Background
Gelman and Hill's Data Analysis Using Regression and Multilevel/Hierarchical Models includes an example in section 13.5 of how to model non-nested data. The second example in this section is a regression of log earnings, $y_i$, on height, $z_i$ (mean-adjusted), and ethnicity and age categories. Using the notation of the book, there are $J = 4$ ethnic groups and $K=3$ age categories.
The multilevel model there is written
$$y_i \sim N(\alpha_{j[i],k[i]} + \beta_{j[i],k[i]}z_i, \sigma_y^2), \text{ for all $i=1,\dots,n$} ,$$ where
$$ \begin{pmatrix} \alpha_{j,k} \\ \beta_{j,k} \end{pmatrix} = \begin{pmatrix} u_0 \\ u_1 \end{pmatrix} + \begin{pmatrix} \gamma_{0j}^{eth} \\ \gamma_{1j}^{eth} \end{pmatrix} + \begin{pmatrix} \gamma_{0j}^{age} \\ \gamma_{1j}^{age} \end{pmatrix} + \begin{pmatrix} \gamma_{0j}^{eth\times age} \\ \gamma_{1j}^{eth\times age} \end{pmatrix}, $$ with priors
$\begin{pmatrix} \gamma_{0j}^{eth} \\ \gamma_{1j}^{eth} \end{pmatrix}\sim N(\mathbf0, \mathbf{\Sigma}^{eth})$
$\begin{pmatrix} \gamma_{0j}^{age} \\ \gamma_{1j}^{age} \end{pmatrix}\sim N(\mathbf0, \mathbf{\Sigma}^{age})$
$\begin{pmatrix} \gamma_{0j}^{eth\times age} \\ \gamma_{1j}^{eth\times age} \end{pmatrix}\sim N(\mathbf0, \mathbf{\Sigma}^{eth\times age})$.
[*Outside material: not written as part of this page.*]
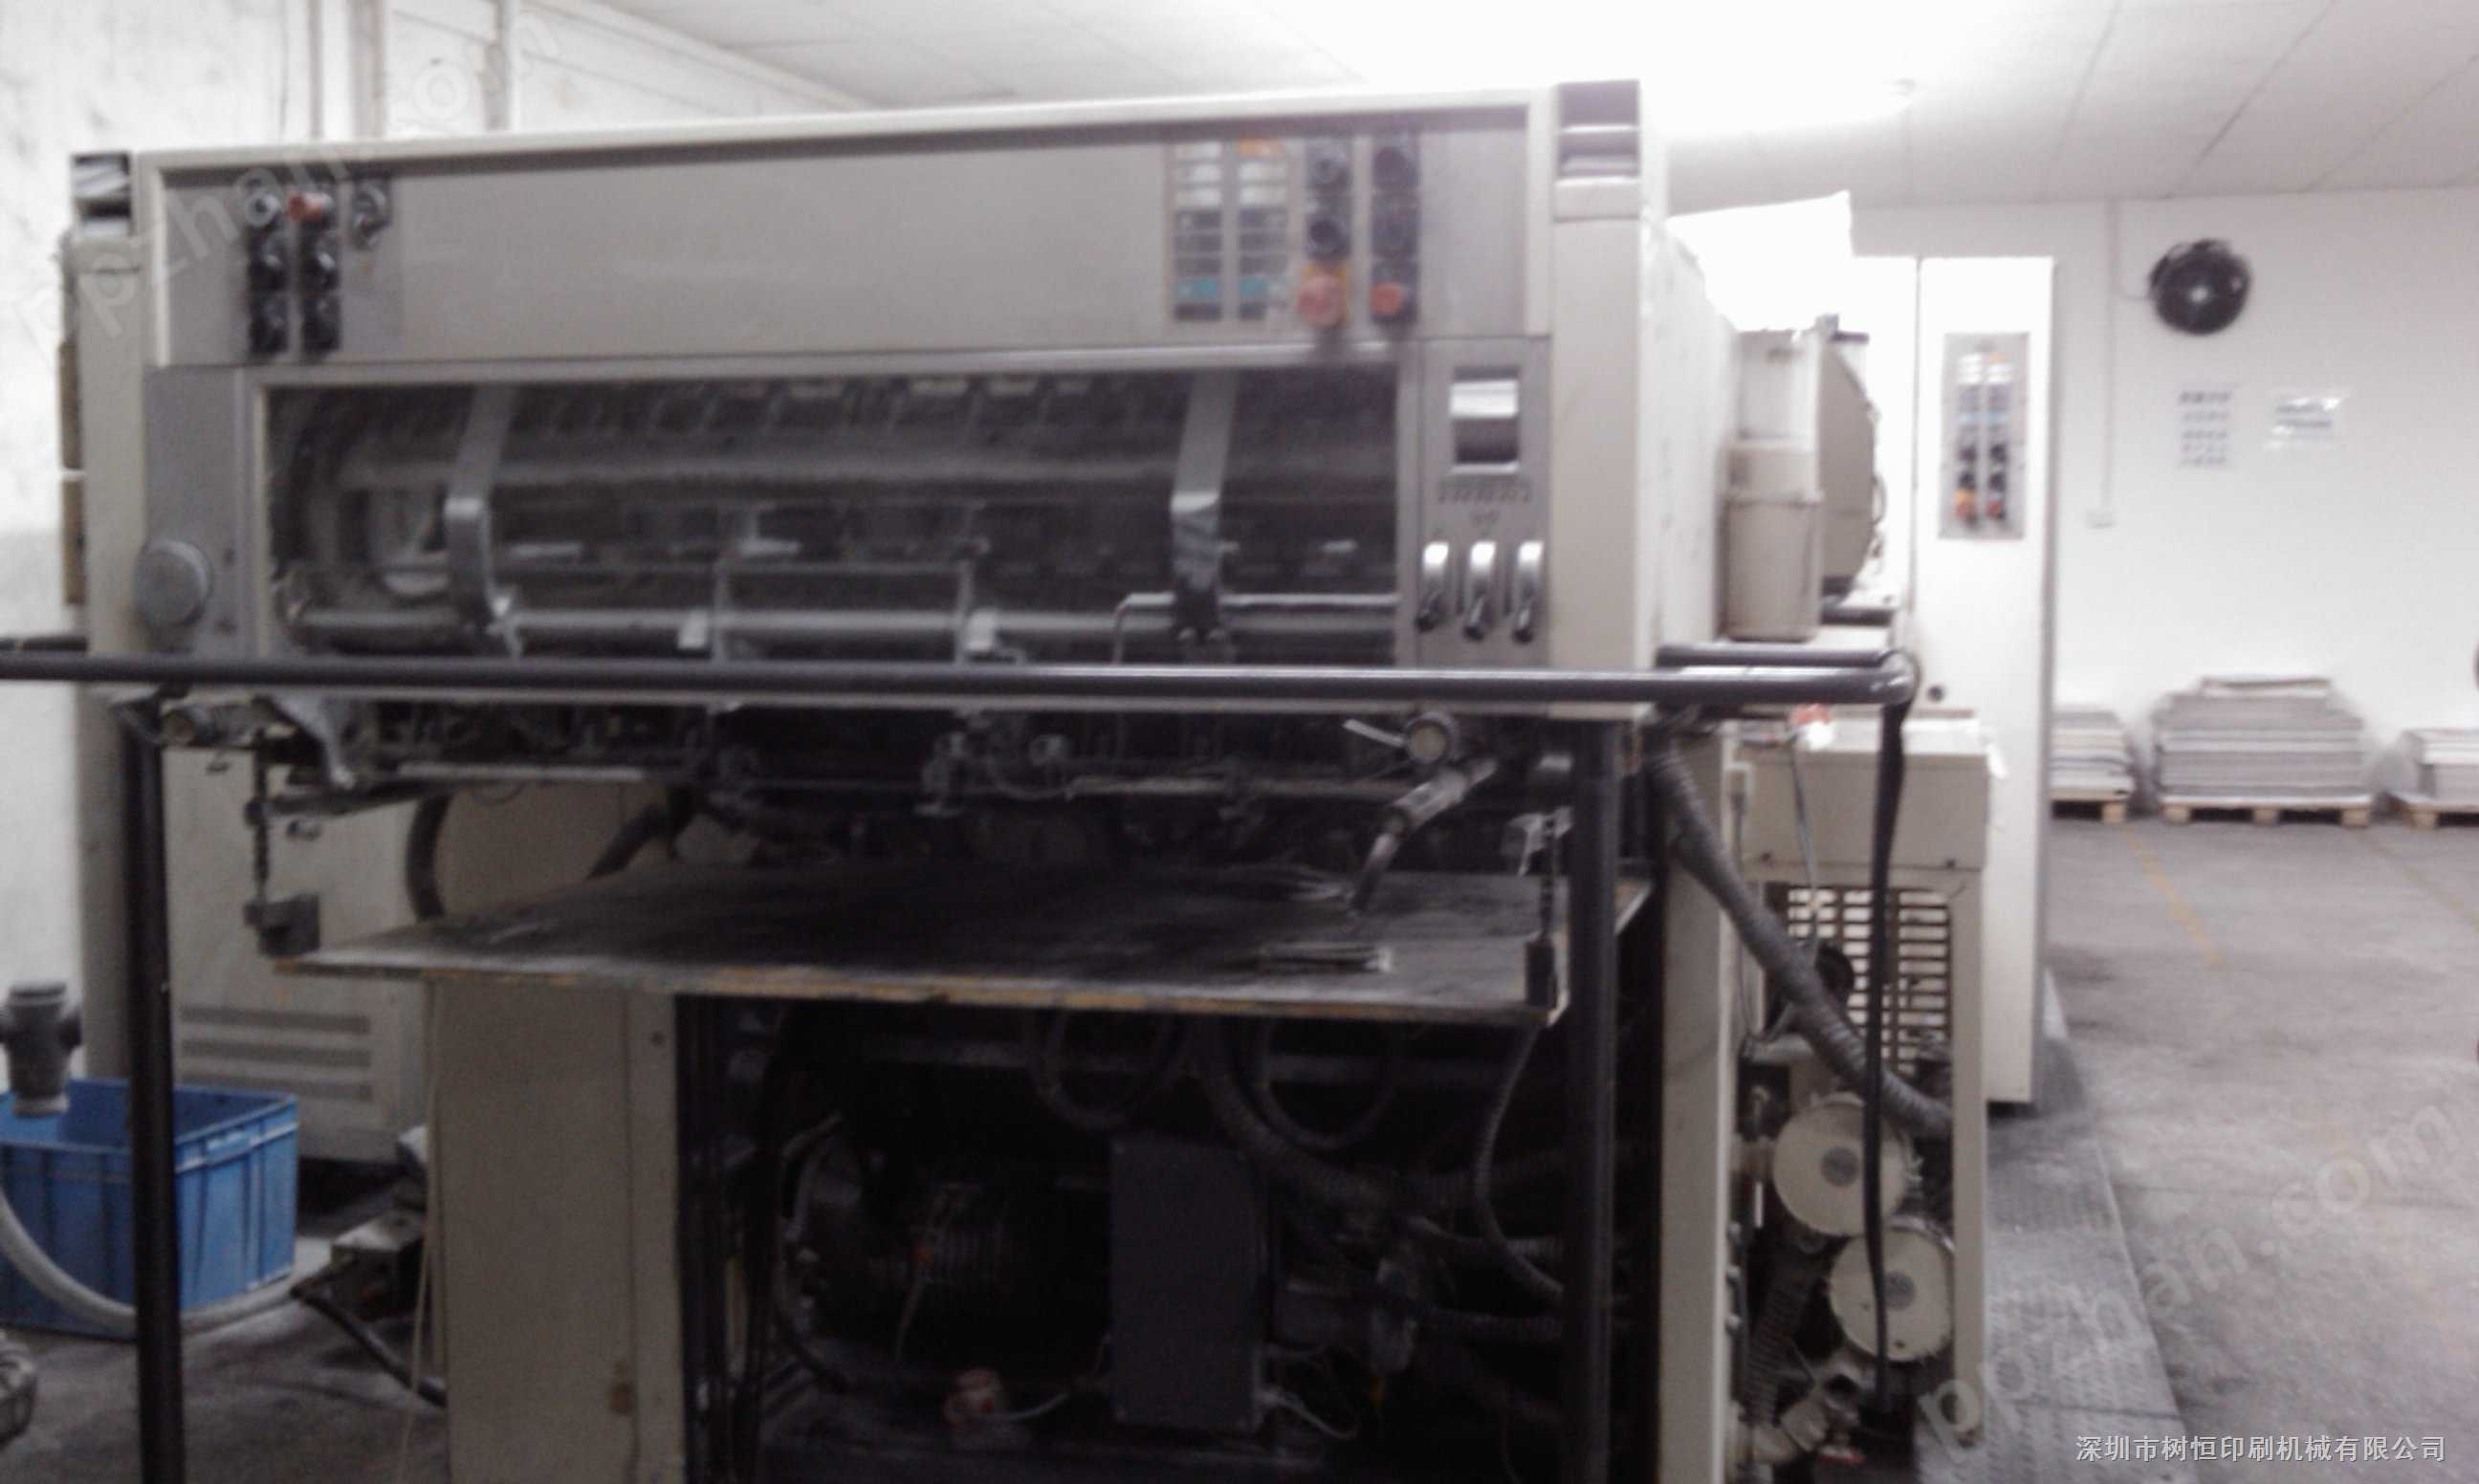 急让94年罗兰600对开四色胶印机

Using lmer() this is modeled as
lmer (y ~ x.centered + (1 + x.centered | eth) + (1 + x.centered | age) +
(1 + x.centered | eth:age))
Question
The above brilliantly, to my mind, allows varying slopes and intercepts to be modeled in a non-nested way. Neither age nor ethnicity is "contained" with one another, yet one can still leverage the partial-pooling power of multilevel models.
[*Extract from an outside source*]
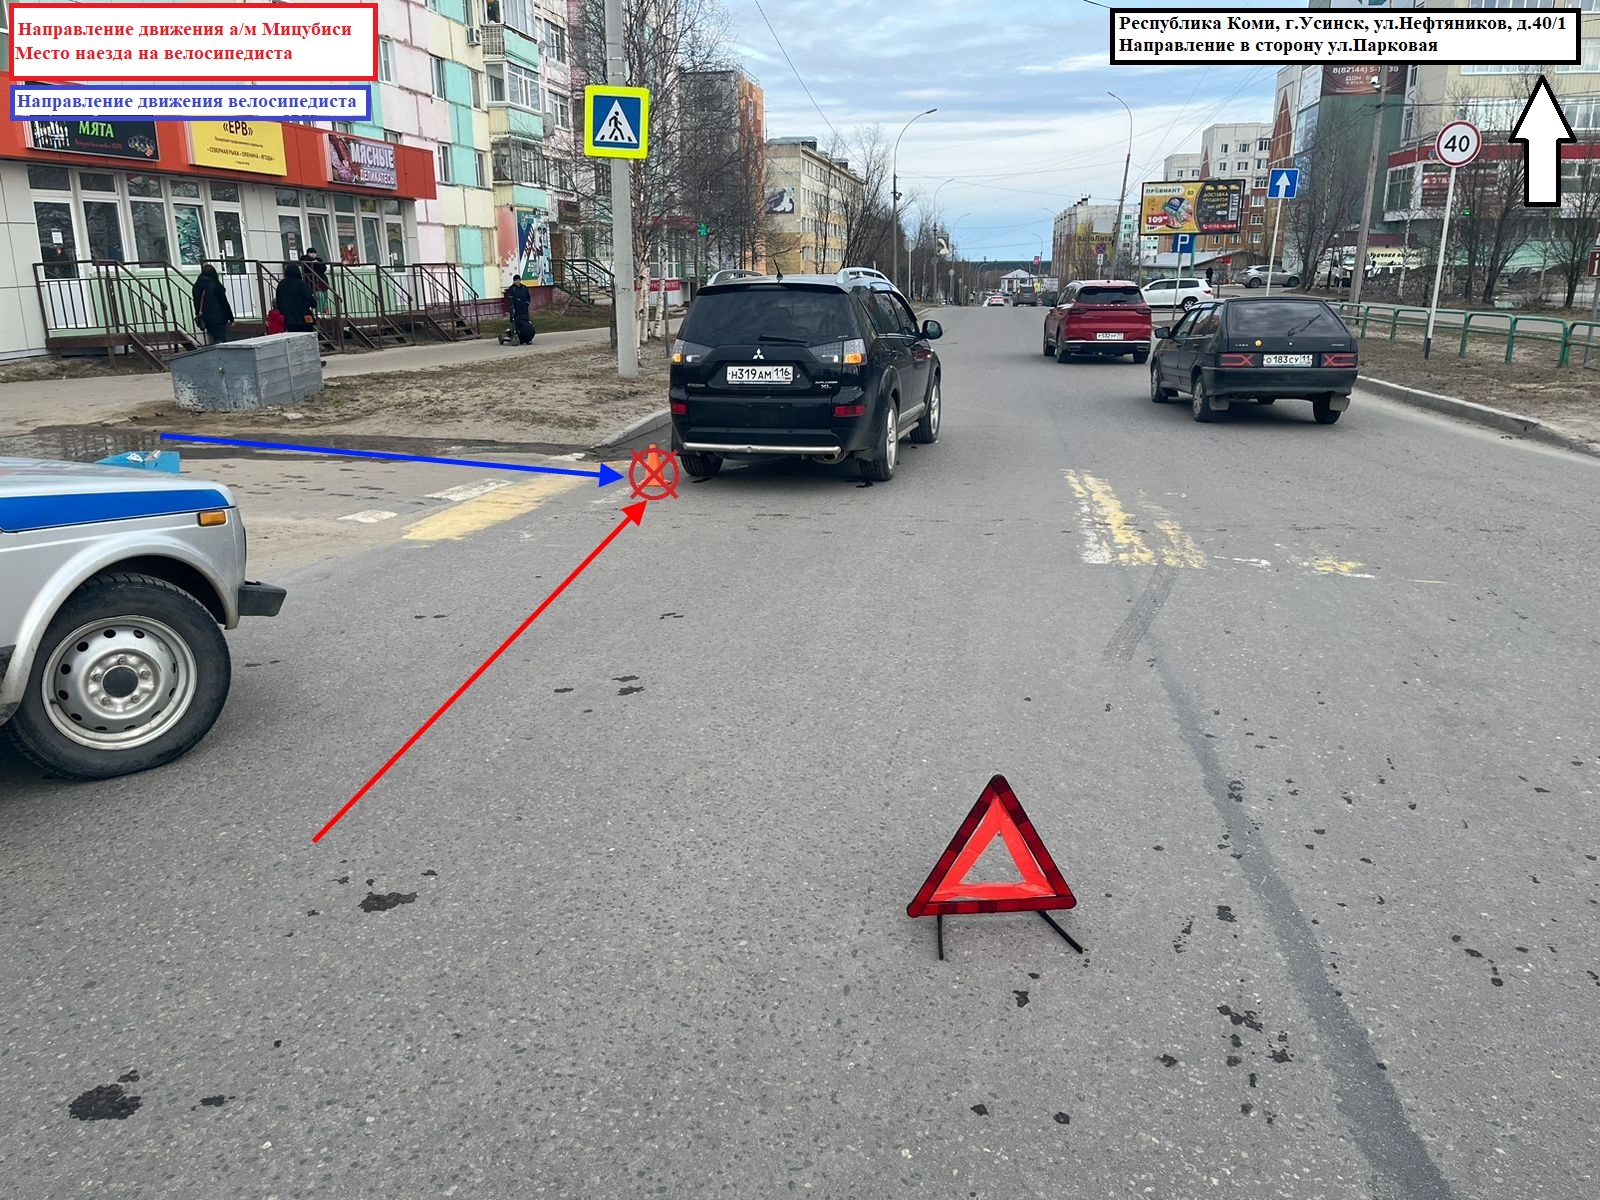 В Усинске 12-летний велосипедист попал под колеса ведорожника

In the setting I care about (with categories having nothing to do with race and age) $J=100$ and $K=20$. But in my setting the variable corresponding to $J$ has a nested structure (with 3 or 4 levels). Suppose that $J$ is the number of cities, which are clustered in counties, states, and countries (assuming for simplicity each country has the same hierarchical categories as the U.S.).
My question is, can one usefully specify a multilevel-model with this "partially-nested, partially non-nested" structure? This need not be able to be fit using lmer().
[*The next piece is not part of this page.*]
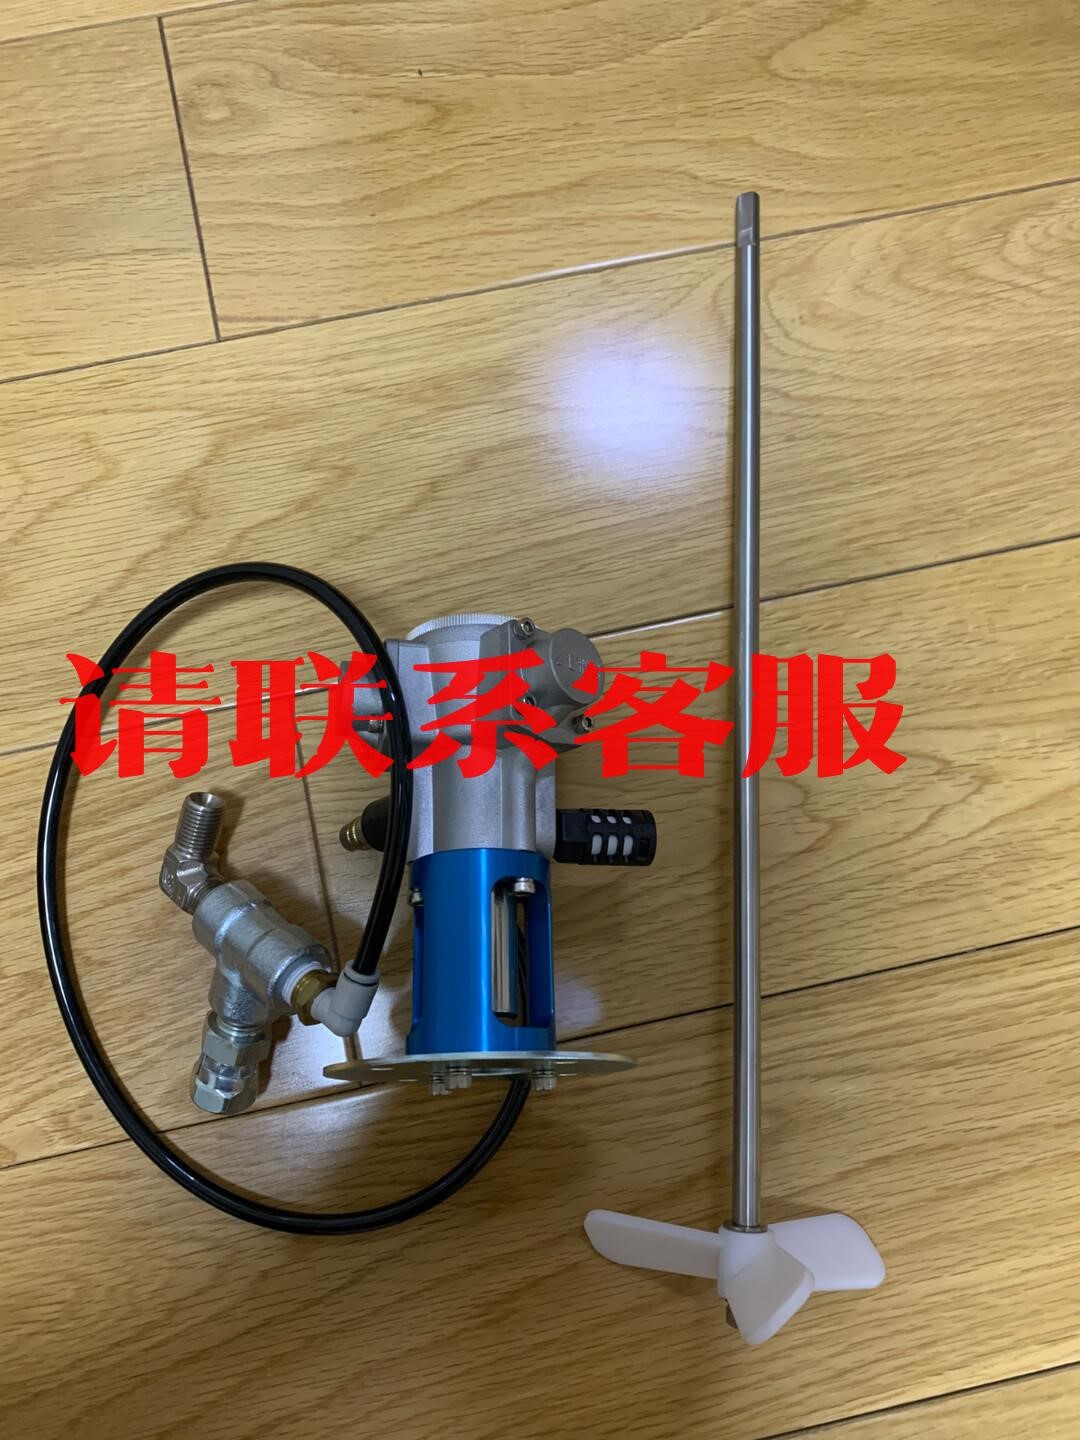 日本岩田气动搅拌器 AMM-721B全新未使用过，图片议价出售

Vague idea #1: use the same specification as in the non-nested background example, but impose some sort of prior on the covariance of the 4-level-nested-category which makes the otherwise-noisy covariance matrix more robustly specified.
Vague idea #2: Compute the group level averages for each level of the hierarchy and include them as fixed effects.
I would prefer a specification that allows country/state/county and city effects to all be random, but it each of the lower levels would seem to require a centering on the level above it, which seems to complicate things. I also don't have a uniform amount of data in each $j\times k$ "bucket", if that's relevant.
Is there a way to model such data in an elegant way in the spirit of Gelman and Hill?
Edited: [I radically re-wrote this question to improve it - the specific question has changed but is exactly in the spirit of the original question.]